Not only that, it was outsiders destroying a piece of the history of someone else’s country in the way the Russians and the Germans had both tried three quarters of a century ago.  Latvia has a sometimes uncomfortable relationship with World War Two, occupied by Russia, then Germany, then Russia again and Latvia was also the scene of some of the earliest and most brutal mass killings of the Holocaust in which some Latvians participated.  Against that background it is hard to see the point of two Britons, an Anglo Pole and an American who collectively expressed no historical knowledge or sensitivity to place or period, descending on the Latvian countryside and giving the locals a walk on part in their own story to suggest where their visitors might find more stuff.

So far so contradictory and absurd then. However, there is one very serious point to be made about the content of “Battlefield Recovery” and that concerns safety, or rather the apparent lack of it exhibited in the excavation of a bunker which formed the narrative core of tonight’s first episode.

thePipeLine has already published one article alleging that ClearStory allowed its presenter team to be shown on screen apparently unearthing a German stick grenade.  A practice which an experienced Explosive Ordnance Disposal Officer called “potentially lethal”.  To that allegation, which ClearStory deny, we can now add appallingly unsafe excavation practices which were clearly shown in tonight’s programme.

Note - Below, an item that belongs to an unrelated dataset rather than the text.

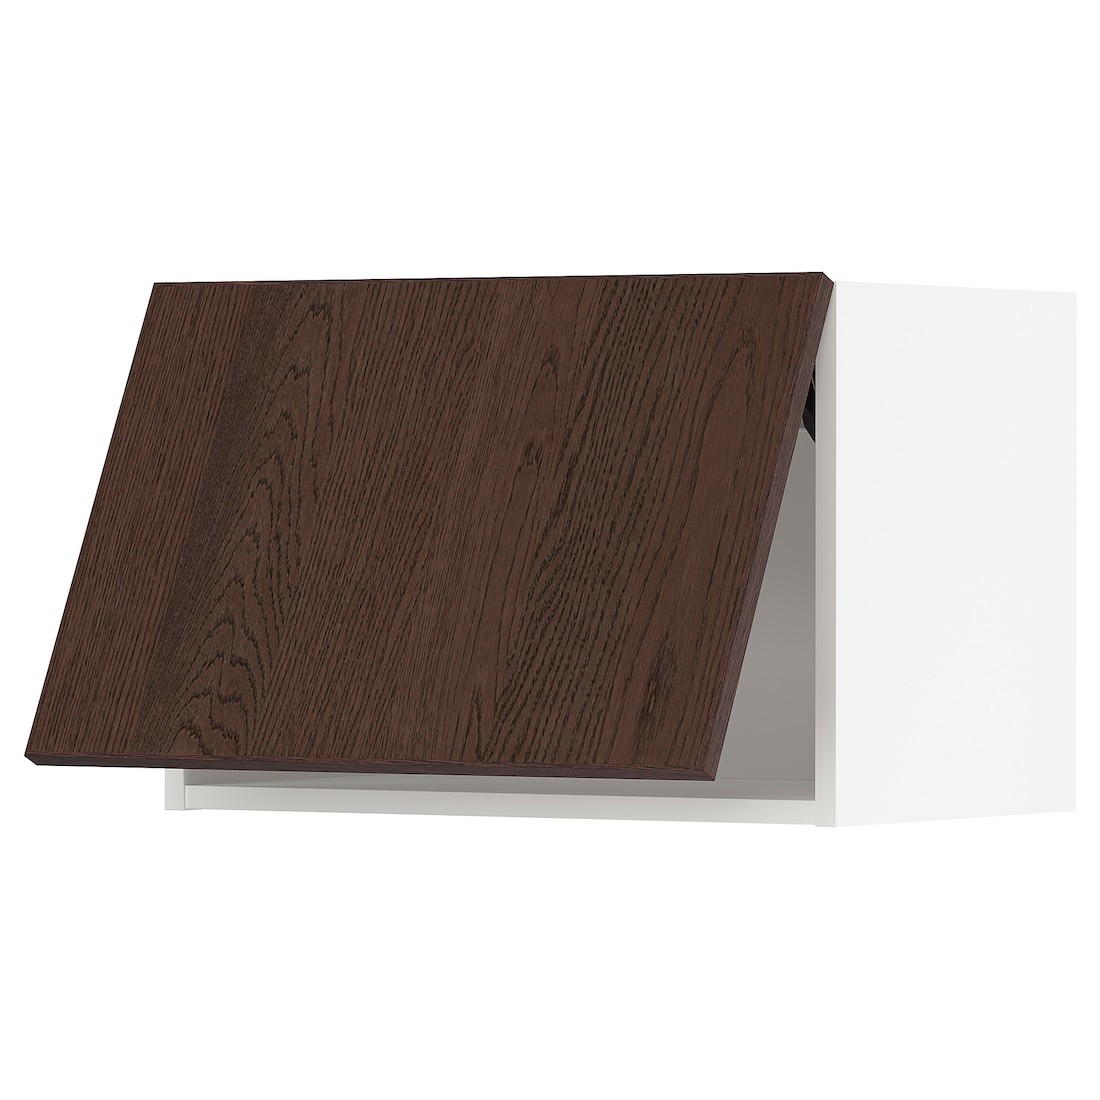 METOD МЕТОД Навесной горизонтальный шкаф, белый / Sinarp коричневый, 60x40 см

Several times the presenters are shown working within range of the backhoe, but no-one wears hard hat and hi-viz.  They bicker about the instructions given to the backhoe driver which could cause confusion, especially when language could be an issue and worst of all, they excavate a bunker in what is clearly stated to be waterlogged ground, stand on top of a void of unknown depth and content, and work in the excavated bunker, at least three meters down, with no stepping or shoring, directly below the backhoe which appears parked close to the edge of an excavation which could have destabilised the structure of the bunker leading to the potential for collapse. Individually these are actions which could have you thrown off any archaeological site in the UK, collectively they could be seen as a lack of competence and a duty of care on the part of ClearStory in placing their workforce into that situation.

 

LATVIA SPOT THE DIFFERENCEThe Battlefield Recovery Team in action with the backhoe, watch your toes guys!
[ClearStory Productions Fair Use for the purpose of review]

Battlefield Recovery Ep 1 Bunker Dig

The Battlefield Recovery Team in action with the backhoe directly above.  Note the heavy objects close to the edge of the trench and lack of hard hats.
[ClearStory Productions: Fair Use for the purpose of review]

 

Indeed, ClearStory and Channel 5 may be concerned tonight that someone will ask the Health and Safety Executive to investigate.  Although the series was shot in Latvia and Poland, most EU countries have strong Health and Safety legislation and as a UK registered company ClearStory has a duty of care to its workforce under UK legislation.  Ofcom might also take an interest as the Ofcom code prohibits the showing of dangerous imitable behaviour.

What might be even more disturbing for the critics of the series in the archaeological community is that we have not yet seen the presenter team exhuming any explosive ordnance or human remains.  This suggests that the pile of poo dumped by our over enthusiastic metal detecting puppies which ClearStory and Channel 5 will have to clear up is set to grow over the next three weeks.

That being the case Paul O’Grady is a national treasure and he does a nice line in series about unloved dogs, so perhaps he could take over presentation duties and host yet another re-launch of “Battlefield Recovery”.

Of course, if Channel 5, Ofcom or even the H&SE decide this is a dangerous dog, then sad though it is for the unfortunate presenters, “Battlefield Recovery” or whatever we are calling it this week, will finally have to be put down to protect the public [not to mention the archaeology of Latvia and Poland].